### Required action
Among the entries that follow, locate the line with "Bamboo Sumi-e by Sondsara" and the line with "Chocolate chip strawberry shortcakes". Output those lines and all lines in between, exactly, minus the pictures.
--- Material supplied ---
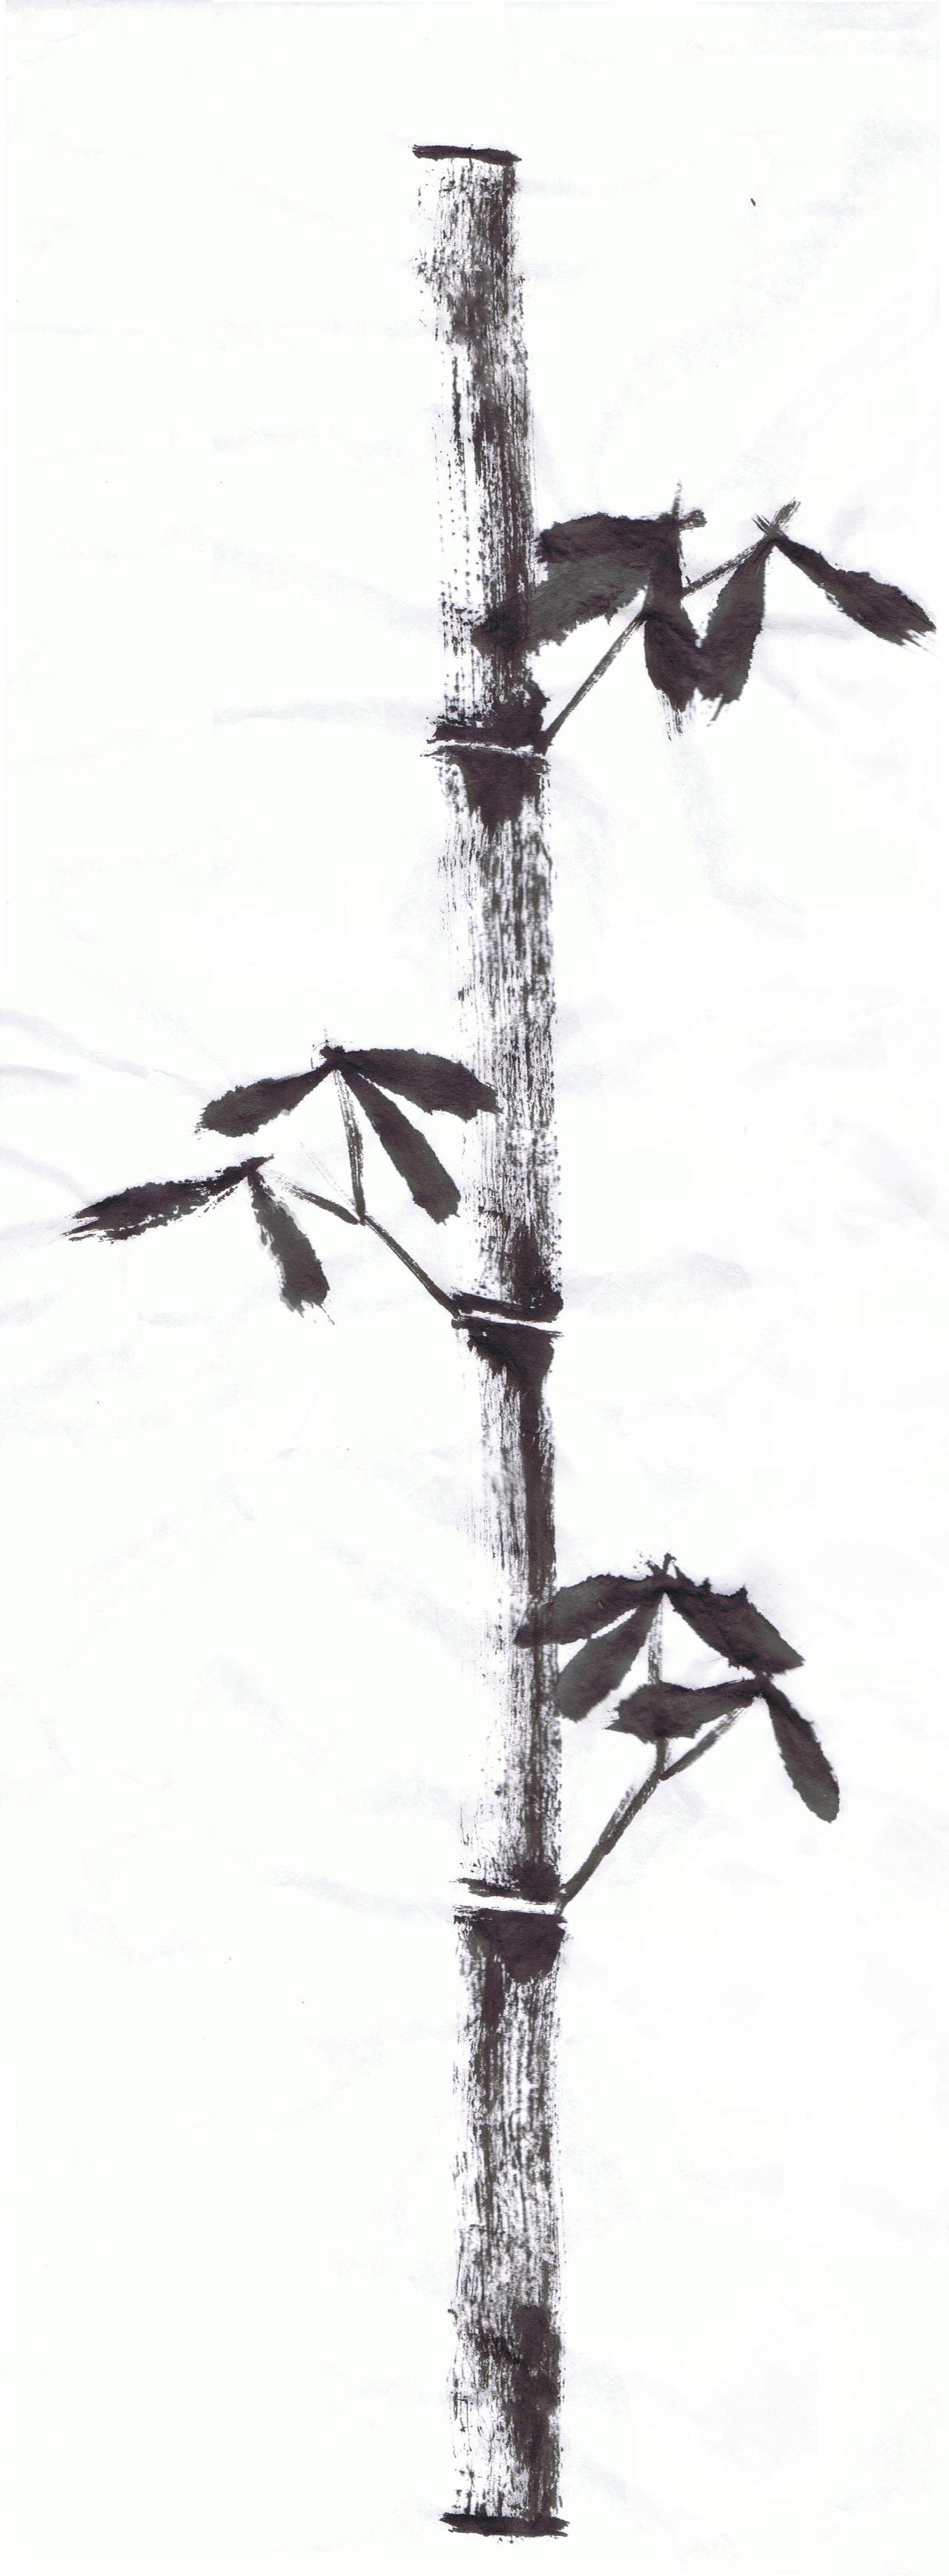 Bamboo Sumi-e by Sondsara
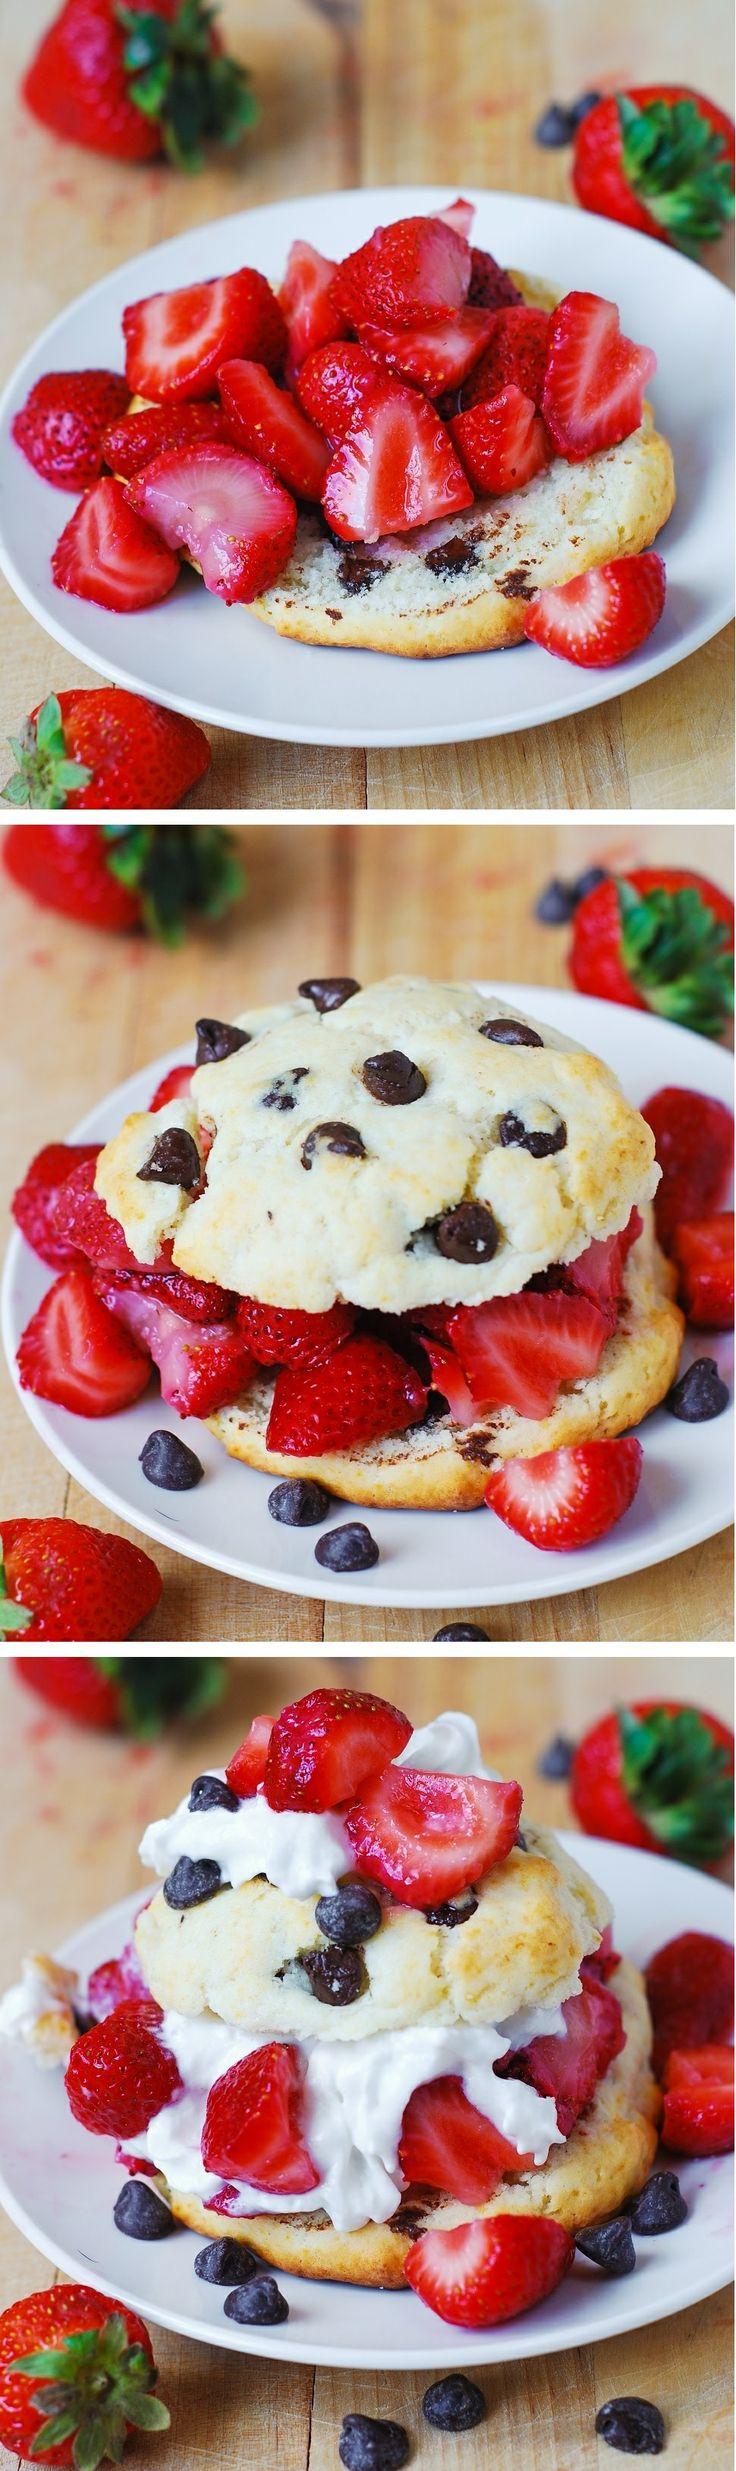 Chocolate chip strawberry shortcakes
---
--- Material supplied ---
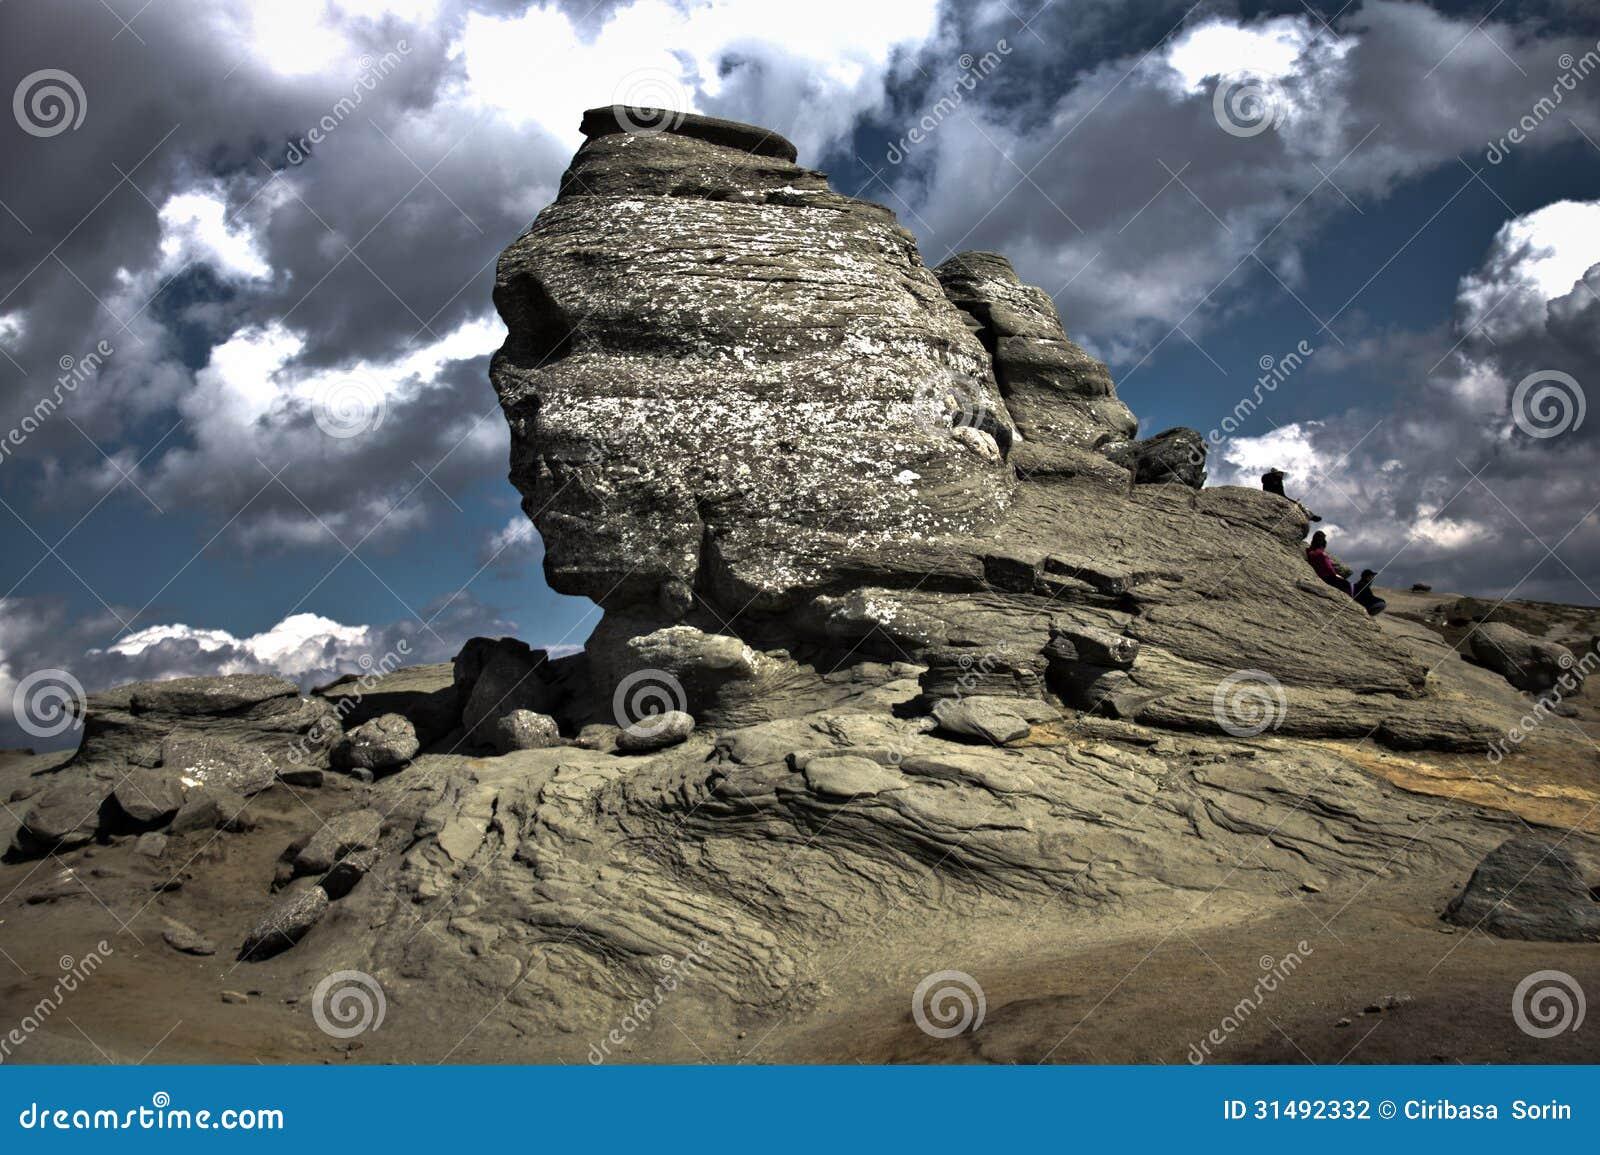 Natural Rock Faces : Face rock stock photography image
---
--- Material supplied ---
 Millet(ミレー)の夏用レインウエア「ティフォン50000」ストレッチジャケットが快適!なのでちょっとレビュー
---
### Answer box
 Bamboo Sumi-e by Sondsara
 Chocolate chip strawberry shortcakes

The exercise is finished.